Скажи мне, какого счастья ты для себя хочешь, приходило ему иногда на ум, и я скажу, кто ты.

– А – Эля?.. – спросила Рита, и Иннокентьев подумал, что за все эти почти четыре года он, собственно, и не вспоминал об Эле. То есть вспоминал, конечно, но так издалека, как будто не о ней и не о себе с нею, а о каких-то совершенно посторонних, чужих ему людях.

Швейцар в потускневших золотых галунах – не тот ли самый, что и четыре года назад, когда они пришли сюда с Элей? – и не подумал их впускать, пришлось Иннокентьеву силой протиснуться в дверь, когда кто-то из нее выходил, и, как в тот раз, потребовать метра.

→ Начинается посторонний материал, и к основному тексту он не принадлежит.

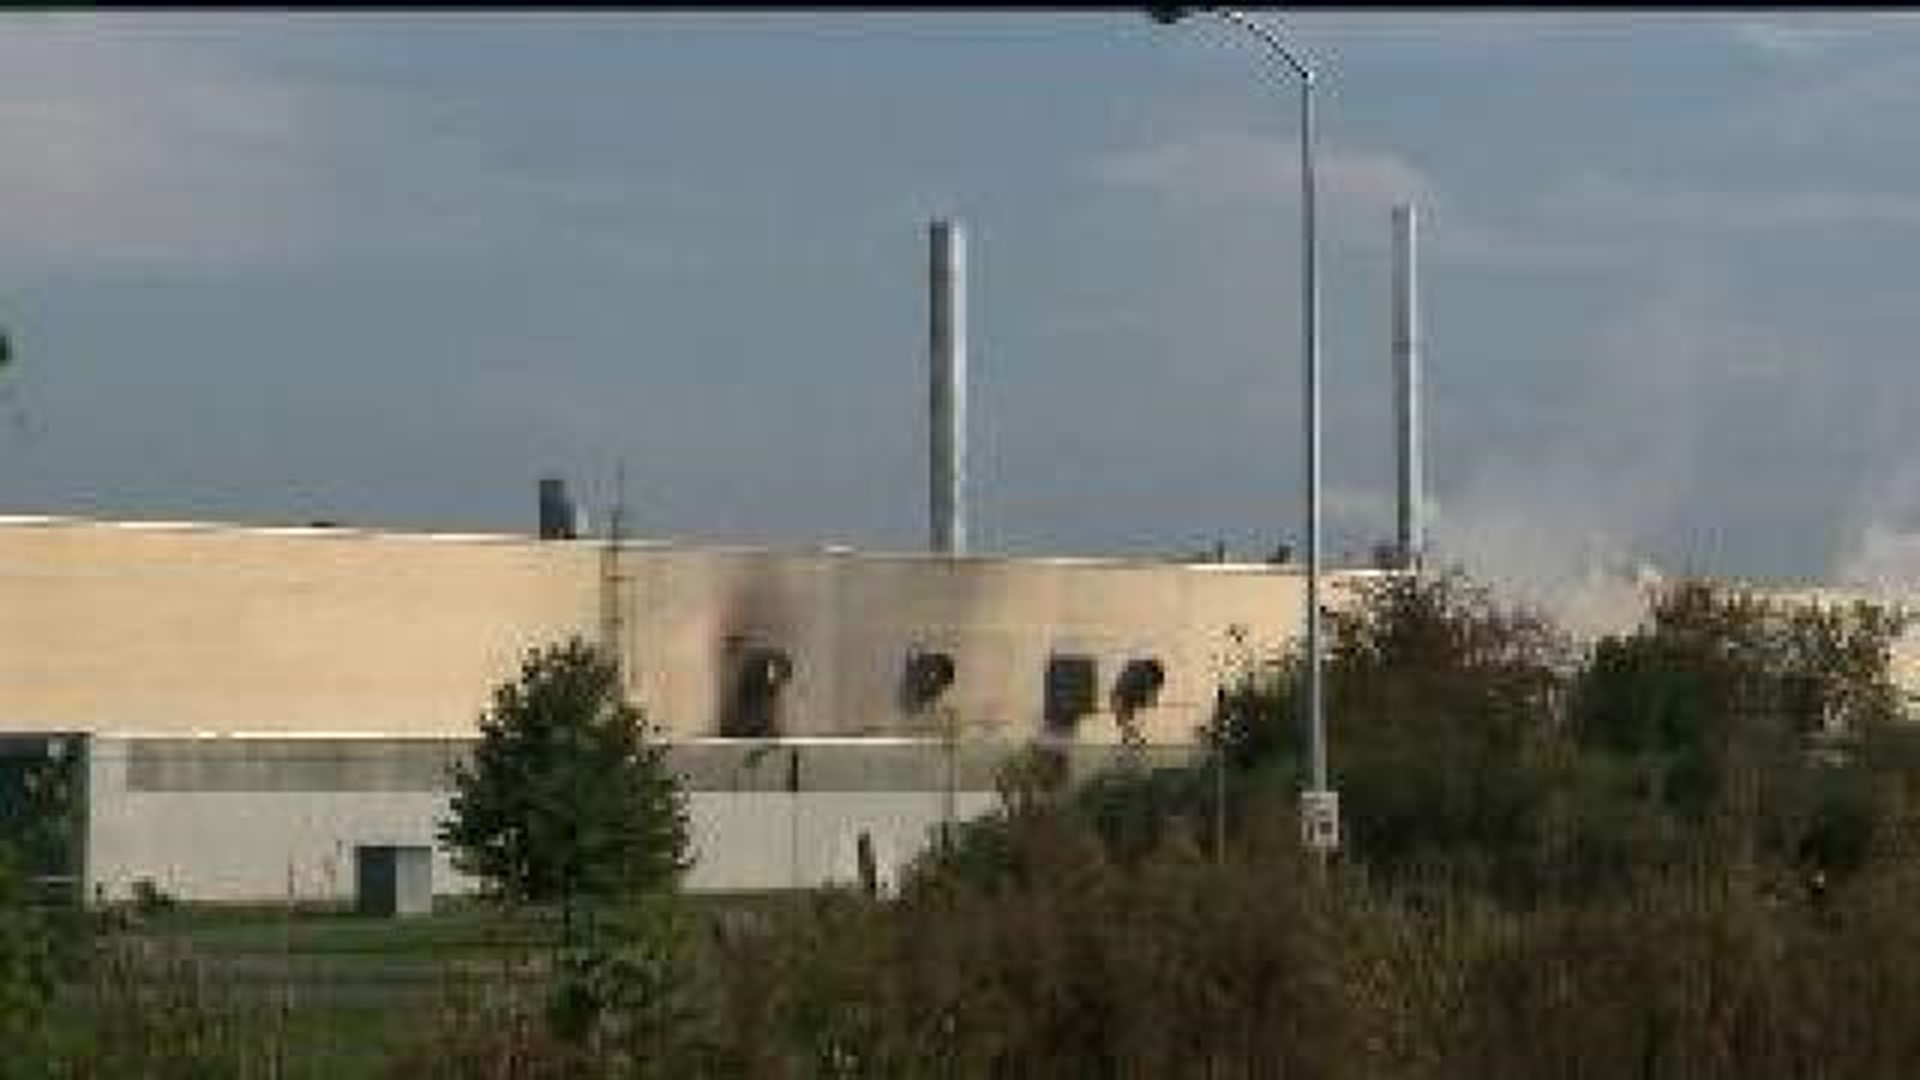 Proposed Tire Burning Facility Will Not Be Built

И метр тоже был наверняка тот же, что четыре года назад, время над такими не властно, – непроницаемый и надменно-вежливый, он безразлично выслушал Иннокентьева, на этот раз не узнав его в лицо, и опять, как некогда, сам проводил всех четверых наверх, на второй этаж, в тот же самый памятный Иннокентьеву зал в золотисто-коричневых обоях в стиле модерн начала века, подвел к столу и сам выдвинул дамам стулья.

Иннокентьеву показалось, что и столик, за которым они расселись, тоже тот самый, у окна, но он не был в этом уверен.

А вот меню, взглянул Иннокентьев на карточку, меню точно нисколько не изменилось. Дыбасов, сидящий напротив, прервал его ностальгические мысли, спросил в упор:

– Вам не понравился спектакль, Борис Андреевич?